A new Google transparency report shows that the US leads the world in government requests for information on citizens' online activity. Google's responses -- and the legislation underlying these requests -- have a huge impact on digital safety and privacy.
Google released a special transparency report this week, showing that the US government sent the search giant 5,950 requests for data about Google users and services between January 1 and June 30, 2011. That’s a 29 percent increase over the previous six months.
The requests, which were made in connection with criminal investigations, covered a total of 11,057 unique accounts. Google says it complied wholly or partially with 93 percent of the requests.

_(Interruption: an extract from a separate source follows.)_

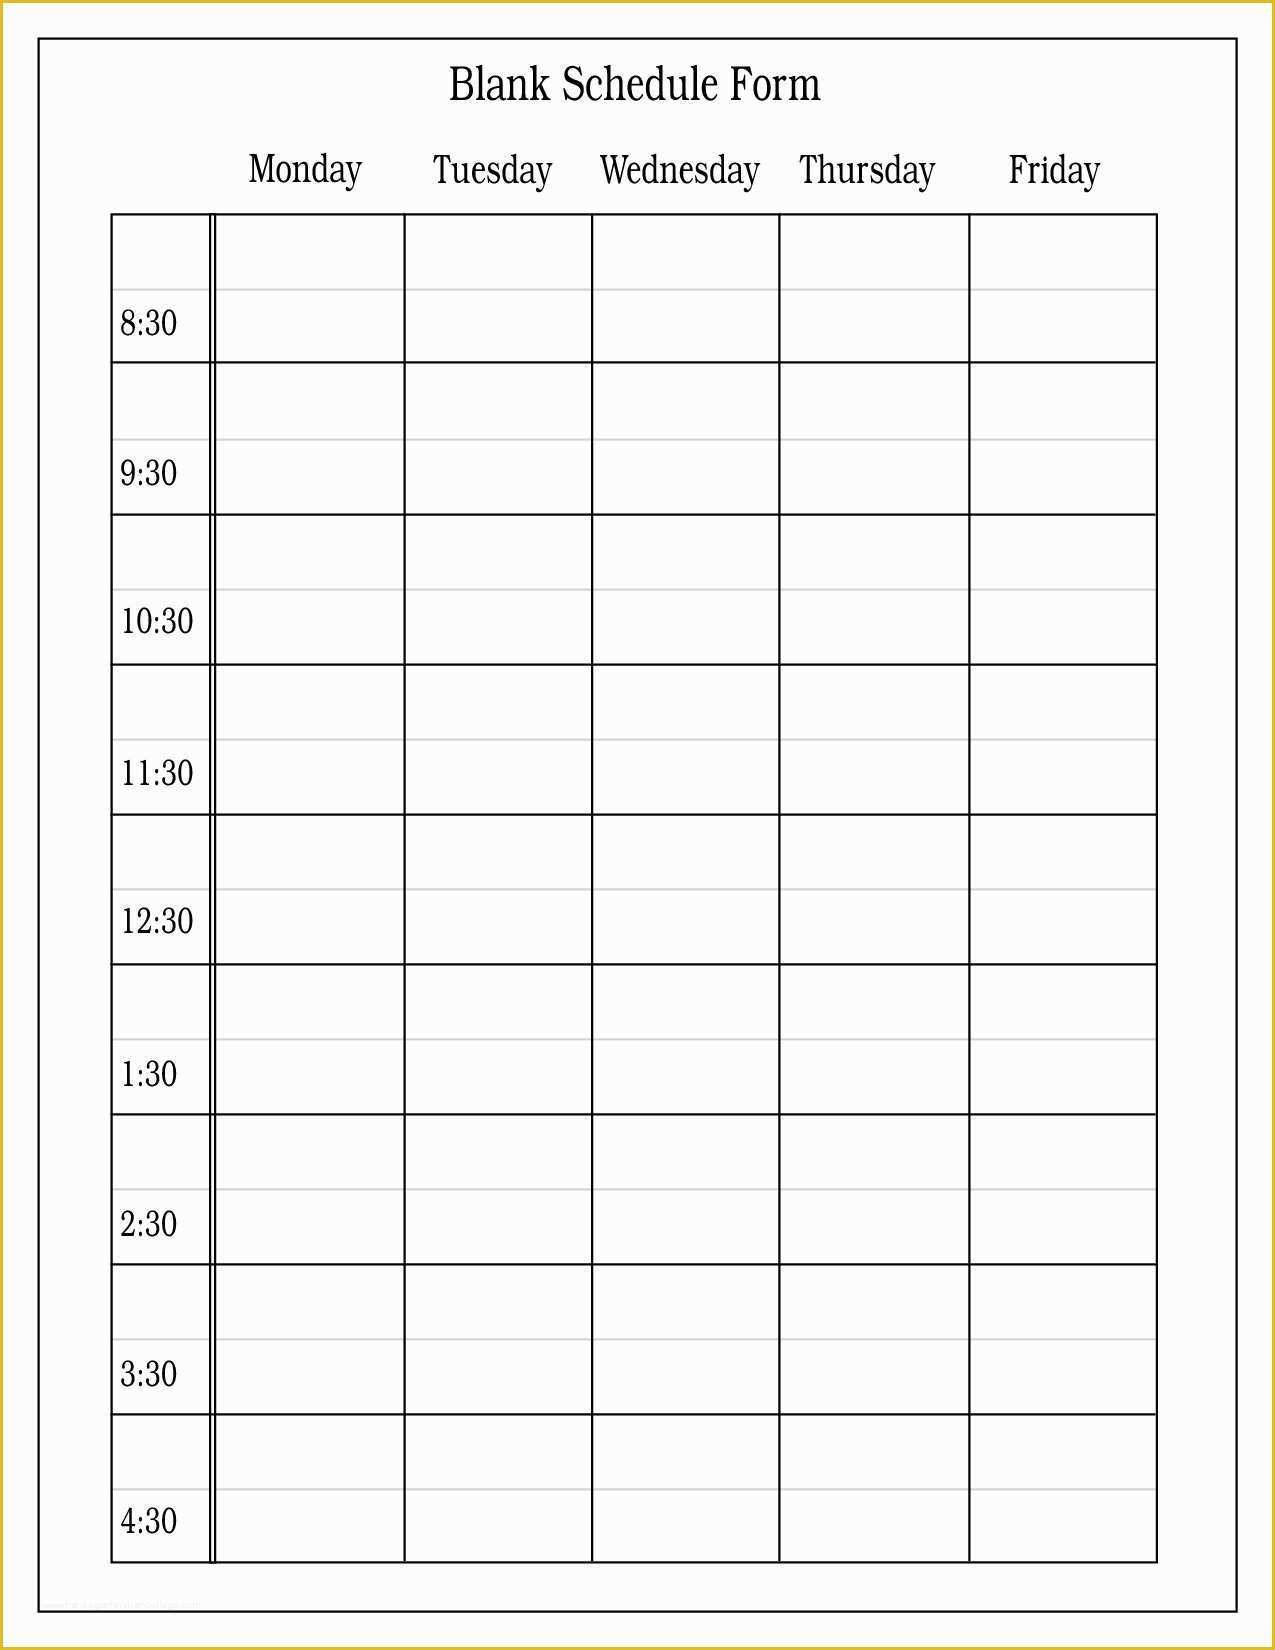 Employee Schedule Template Free Download Of 6 Week Blank Calendar Template – Template Calendar Design

Google is the only company that publicly releases this sort of specific information about its relationship with governments (the report covers other countries as well, not just the US). It’s part of the company’s strategy to spotlight the issue of government access to citizens’ online information. Google is part of the “Due Process Coalition,” along with AOL, AT&T, Microsoft, and Facebook. The group pushes for reform to the Electronic Communications Privacy Act, a 1986 law that allows government investigators to review users’ online information (including e-mail and other stored data) without a warrant.
The report also catalogues requests for Google to take down certain information. In the US, Google says, it received 92 requests for data removal, covering 757 pieces of content, including YouTube videos and content posted in Google Groups. The company says it complied (at least partially) with 63 percent of these requests, but left information alone in cases where it didn’t appear to violate Google’s Terms of Service or local laws.